Who can say if I've been changed for the better?
You're a Good Man, Charlie Brown
The Book Report Song
This song where the characters are all taking different approaches to writing a book report is clever and hilarious and endears the listener to every last damn one of these kids. Schroeder bangs his out on a computer like he's on his piano, comparing Peter Rabbit nonsensically but passionately to Robin Hood. Linus extemporaneously philosophizes on Mr. MacGregor as both farmer and humanitarian. Lucy says the book is stupid and the rabbit is stupid and keeps using the word "very" many times in succession so she can reach her word count. And Charlie Brown, of course, just wails and moans and gnashes his teeth complaining histrionically about writing it instead of actually writing it which is exactly what I do when I have a speech due, making him in that way as in many others a boy after my own heart.
Why does this always happen
This song makes me cry right along with Charlie Brown every time I watch this stupid cartoon. See, he's a pretty bad baseball player, and his team is really counting on him, and he gets totally distracted by the Little Redheaded Girl and bombs, and he's writing all of this to his pen pal and his tears splash down and smear the ink and OH MY GOD, poor Charlie Brown. How many times have you been so mortified that you just wanted to disappear, run away, never to be seen again? Let me just tell you how many times I have. A lot.
Dear Pen Pal,
Only quite possibly the sweetest, simplest song ever to end a musical. This song is this show boiled down to its essence, which is just living life through its simple moments and trying to hang in there through it all.
And happiness is coming home again …
Happiness is singing together when day is through,
And happiness is those who sing with you.

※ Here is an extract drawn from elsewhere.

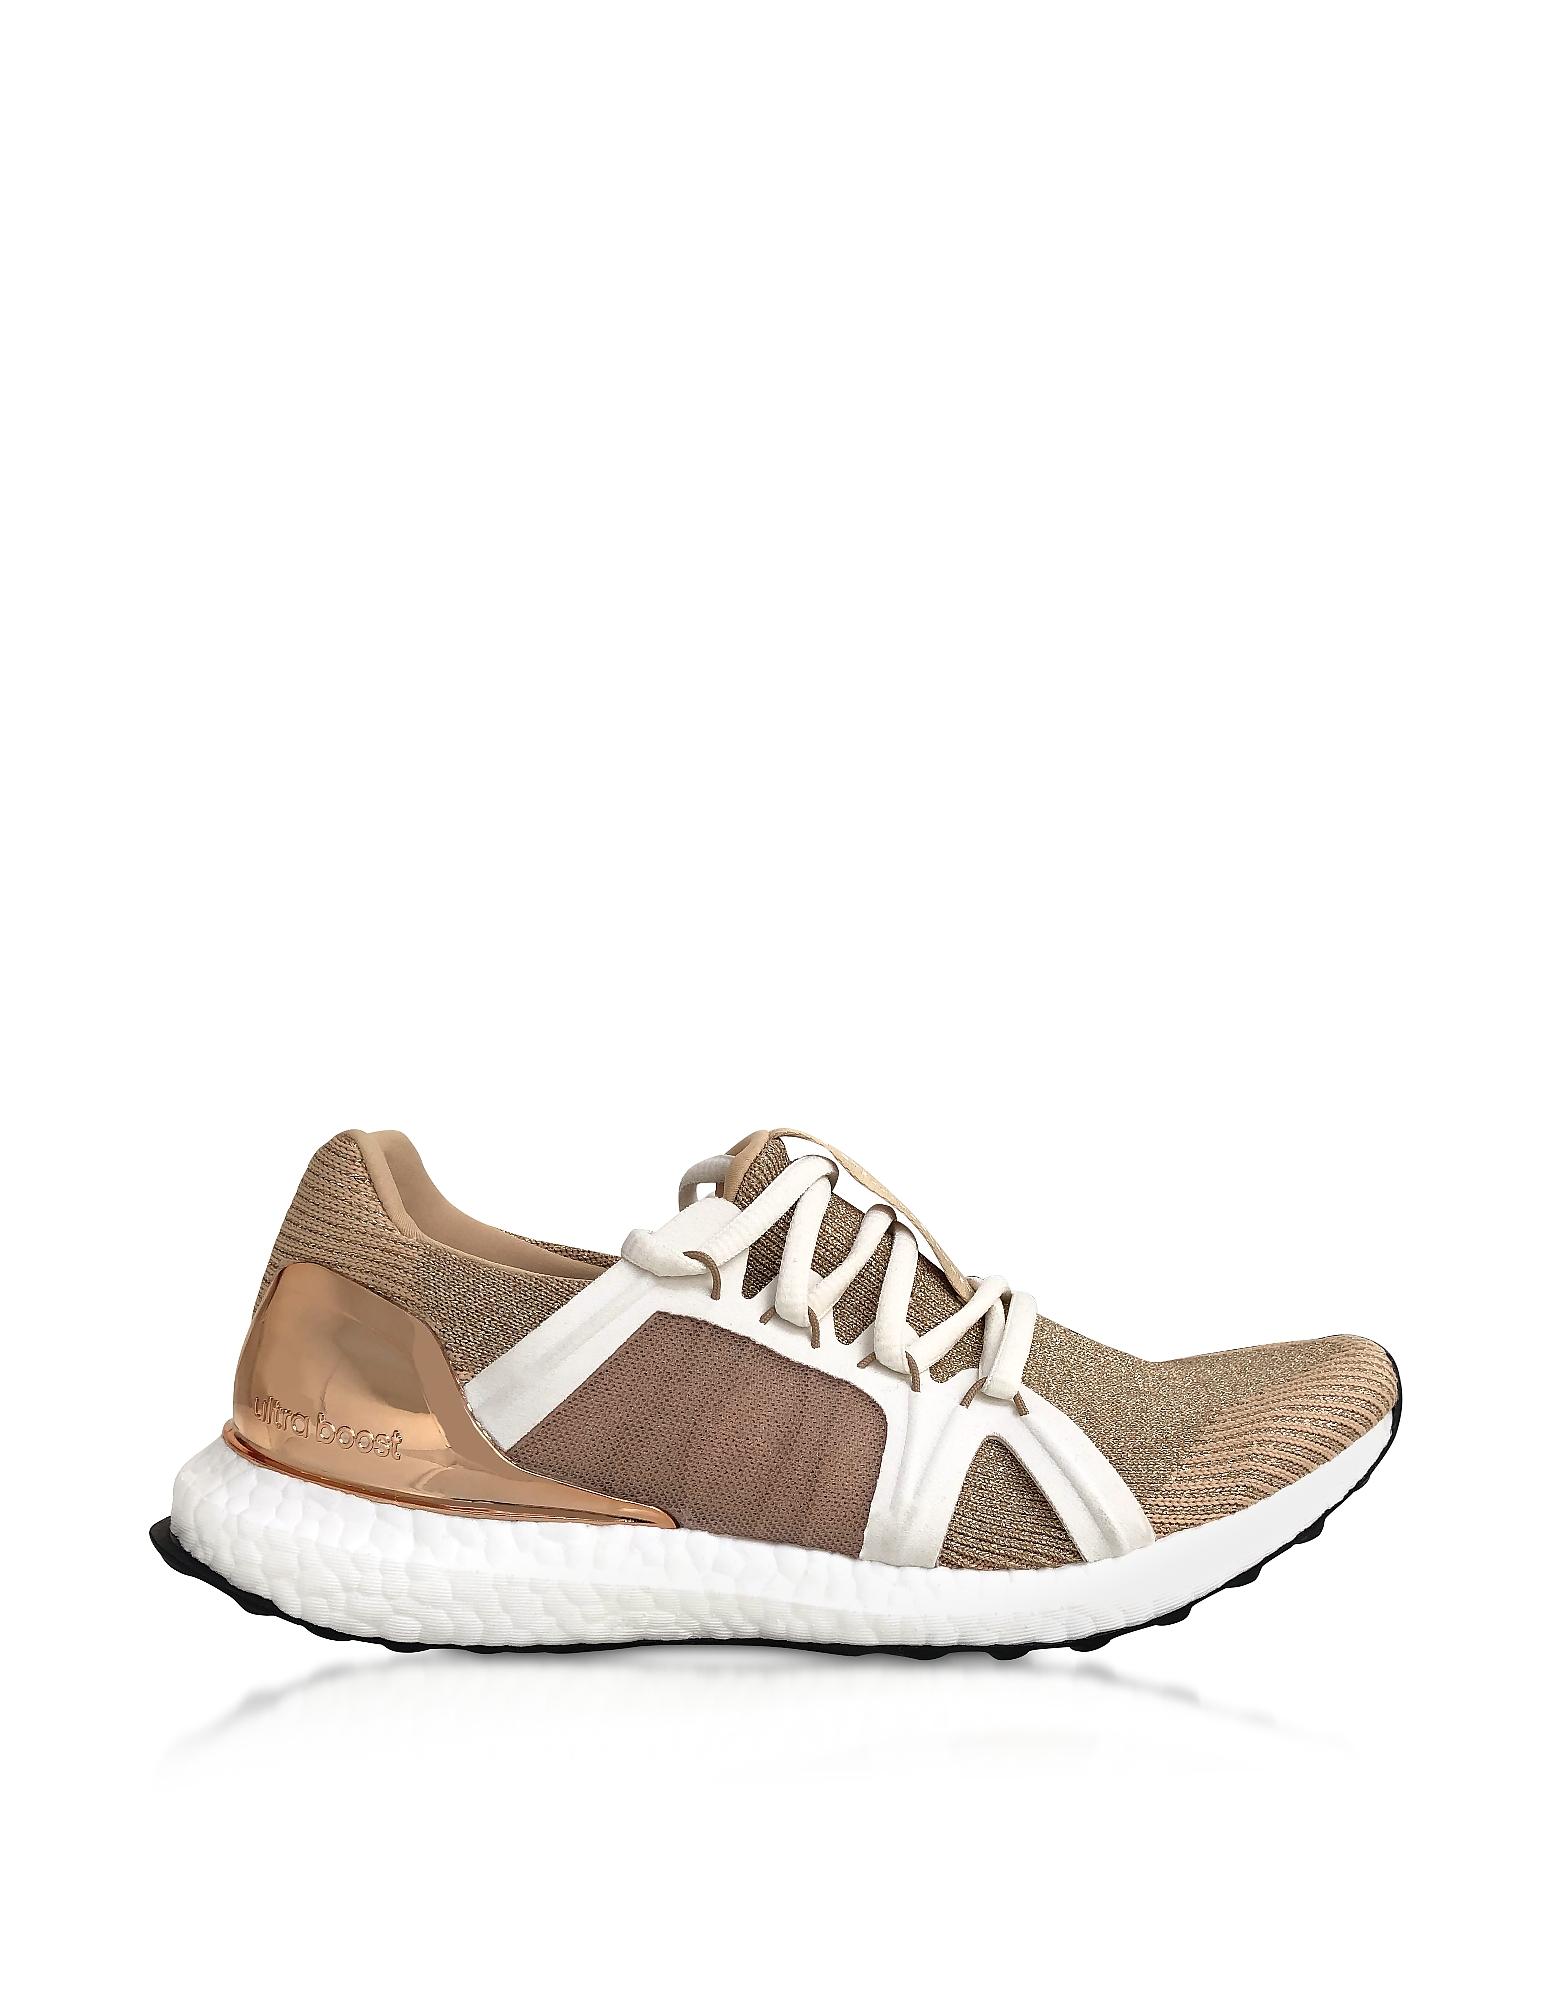 Adidas Stella McCartney Designer Shoes, Rose Gold UltraBOOST Sneakers

Happiness is morning and evening,
Daytime and nighttime, too.
And happiness is anyone and anything at all
That's loved by you.
And as if it's not enough that right there is the most awesome definition of happiness in the history of not only musical theater but possibly mankind, it is after the last line that the wretched Lucy decides for once in her godforsaken, miserable life not to demean poor Charlie Brown who clearly has that day, much like Dana Whitaker, seen enough to know that he has seen enough, but to affirm him, to suck it up and admit to him, "You're a good man, Charlie Brown." And it is then that I come wholly unglued. But in a good way.
In short, I've now been alive for thirty years, and I can't remember a single one of them when musicals either in movies or onstage or on records or tapes or CDs haven't been a big part of my life. I think before I could even read books, they were what first really captured my imagination and brought it to life. And I hope that I never outgrow them.
About this time in ...
© Copyright 2005 elb
The list just kept getting longer and longer to the point of being truly maniacal, so I decided to cap the list at thirty because I was turning thirty. (I know.)
So it ended up being totally lopsided and I ended up leaving off all kinds of songs that I love and cutting whole musicals altogether that are among my favorites, like Annie Get Your Gun, Bye Bye Birdie, West Side Story, CAMELOT, for the love of God, and West Side Story, to name a few, and I realized that I'm going to make another list one of these days.
But that day is not today.
So here are just some. That I love. Thirty of them. And there are a whole lot more.
And I realize that I am a sick individual, really I do.